Several people are dead because of Black Dianetics. Hundreds of thousands are dead because of the atom bomb. Thousands may die because of Black Dianetics.
Millions may die because of nuclear physics. But also because of nuclear physics man may reach the stars. And because of Scientology we may some day win a world without insanity, without criminals, and without war.
Efforts to influence and prevail over the minds of individuals, groups, and nations have been exerted since the dawn of time. These efforts have utilized every known means of psychic and physical phenomena.
One of the earlier broad efforts consisted in the field of astronomy where, in Chaldea, Babylon, and other early civilizations, priests procured power by predicting solar and stellar activity such as eclipses and comets. By first stating the phenomena would occur, the priests would be held to be in league with the gods by a populace which beheld the spectacular occurrences. The courses of men and nations could thus be swayed by a body of men with recourse to phenomena known to them and yet unknown to the vulgar.
Another effort of swaying minds occurred in Persia and Syria between the 11th and 13th centuries A. D. A sect known as the Assassins utilized the popular belief in Muhammetan Paradise to rule, viciously and powerfully, a large segment of the known world. This sect enforced its will upon the rulers and influential men of its time by assassination, and, indeed, that is the derivation of that word. The leaders of this sect would ply religious young men with hashish and then transport them to a marvelous garden which contained all the sensual delights recounted in the Koran, even to the forty black-eyed houris. The young men, believing themselves in Paradise itself, would be told that they could not remain there unless they obeyed the slightest wish of the sect and that they could not return unless they were actually dead. The young men, so bedazzled, were then returned to the “world of the living” and were used to slay important persons, for what mattered it that the assassin was killed, since he would, at worst, return to “Paradise.” Thus any ruler or influential man in the world, once threatened by this sect, would obey its mandates as to tribute or the passing of new laws.
In India, down through the millennia, various methods of influencing human thought have been practiced with greater or lesser success. One of these wandered into the western world and became known as “hypnotism.” The variability of its success was such and the extravagant and unfounded claims made for it were so out of the ordinary that even today there are many people who do not believe it exists.
The basic technique of hypnotism consists of one individual, the hypnotist, relaxing or coaxing into quiescence another individual called the “subject.” The operator then makes certain suggestions to the subject and the subject may, during the session or after it is dictated, obey. Hypnotic subjects are in the minority and skilled hypnotists are few and so this method of influencing minds has had limited scope.
Further, the hypnotist claims curative powers in hypnotism and a careful examination of the field demonstrates that hypnotism is far more harmful to a mind than beneficial. Thus hypnotism, a curious phenomena, is not greatly employed. But it has, nevertheless, been employed to the harm of individuals and the “betterment” of operators.

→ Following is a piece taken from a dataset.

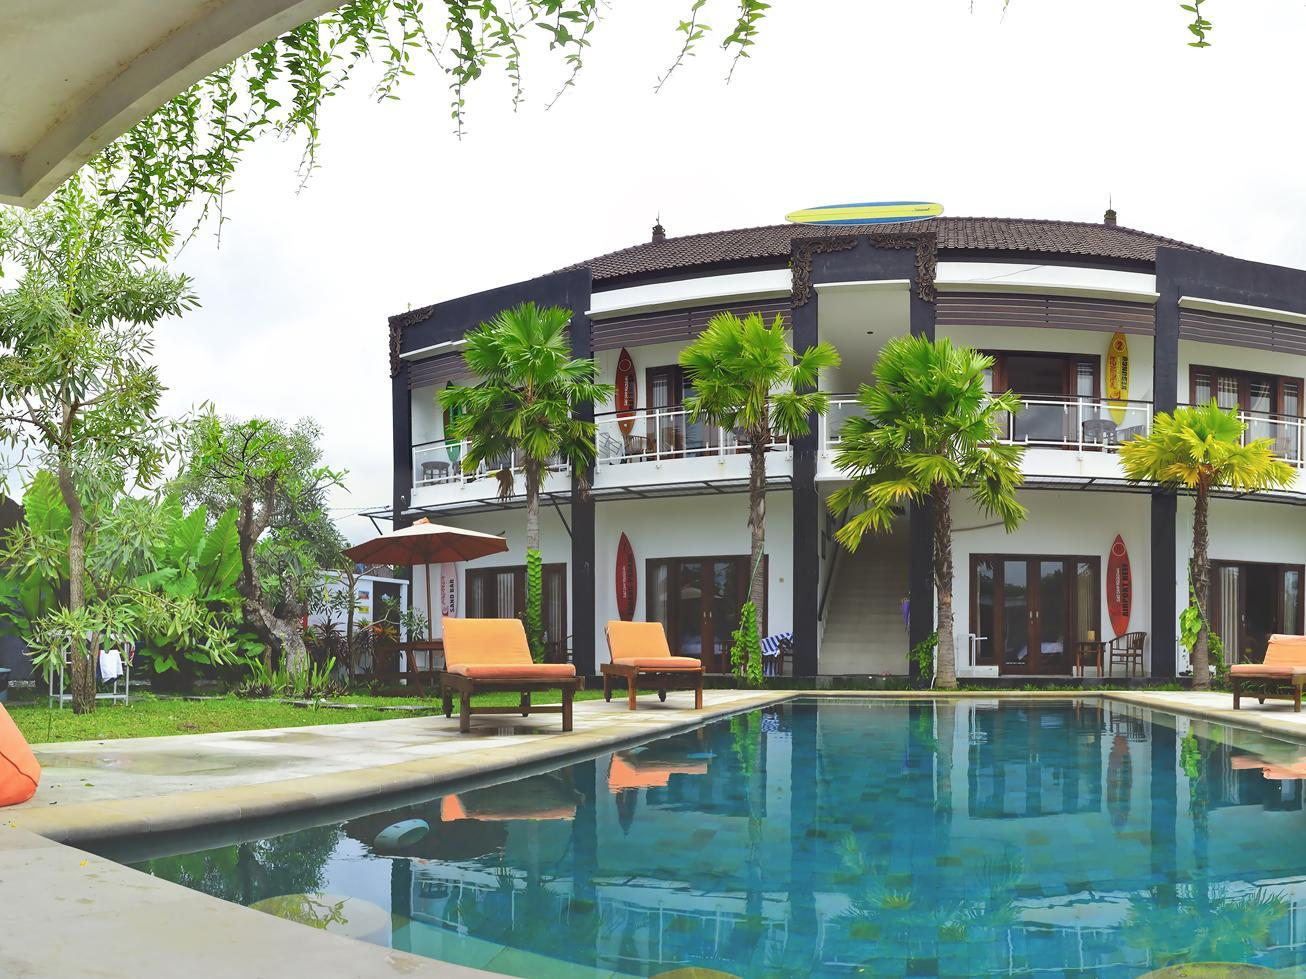 Premier Surf Camp Bali ホテル詳細
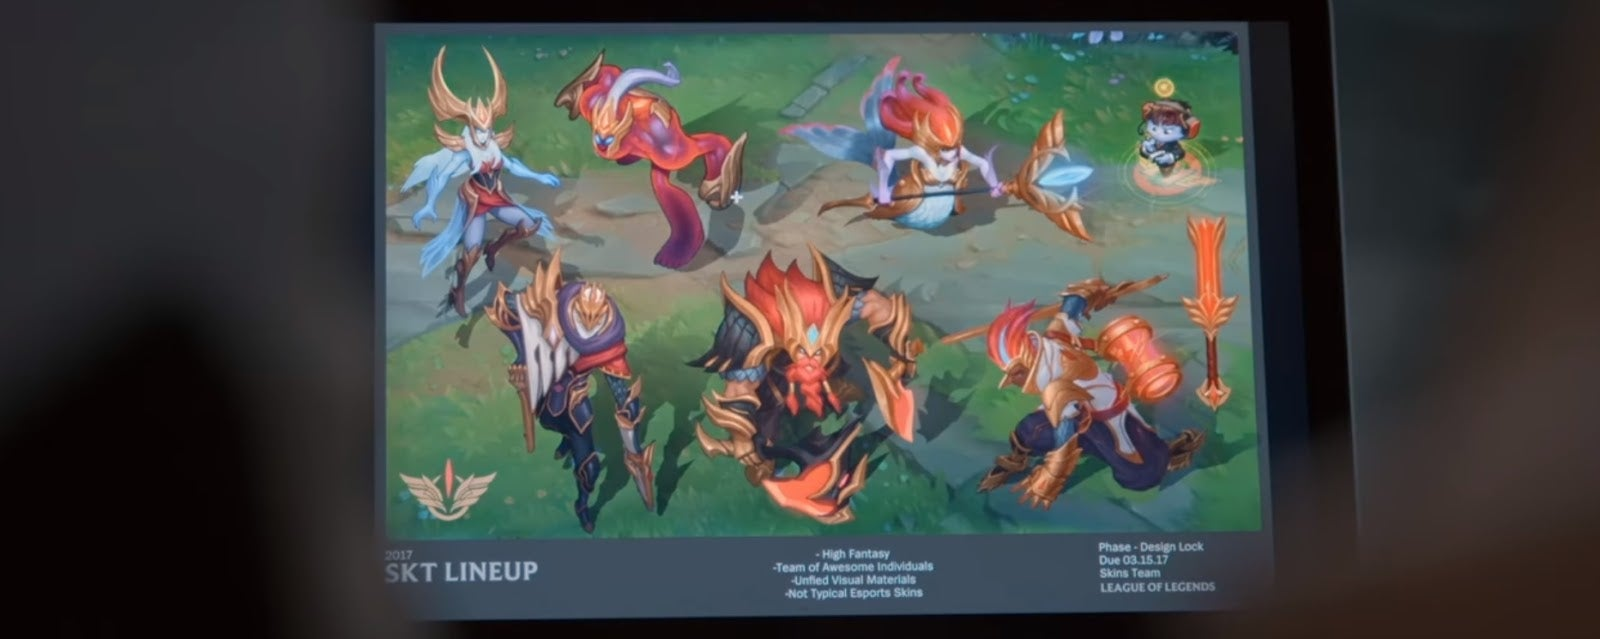 League Of Legends Riot Reveals First Look At New Skt T1 Skins

It is claimed by hypnotism’s zealots — and it has them in plenty — that a hypnotized subject will not perform immoral or dangerous acts. Experiment demonstrates a limited truth in this but it also demonstrates that a hypnotic subject can be influenced against his best interests. The charlatanism in this field is very great.
Other methods of influencing and swaying minds are all about us. They range from the cold brutality of threatened death to the extensive practice of advertising. Each depends upon some natural phenomenon or phenomena, whether known or unknown.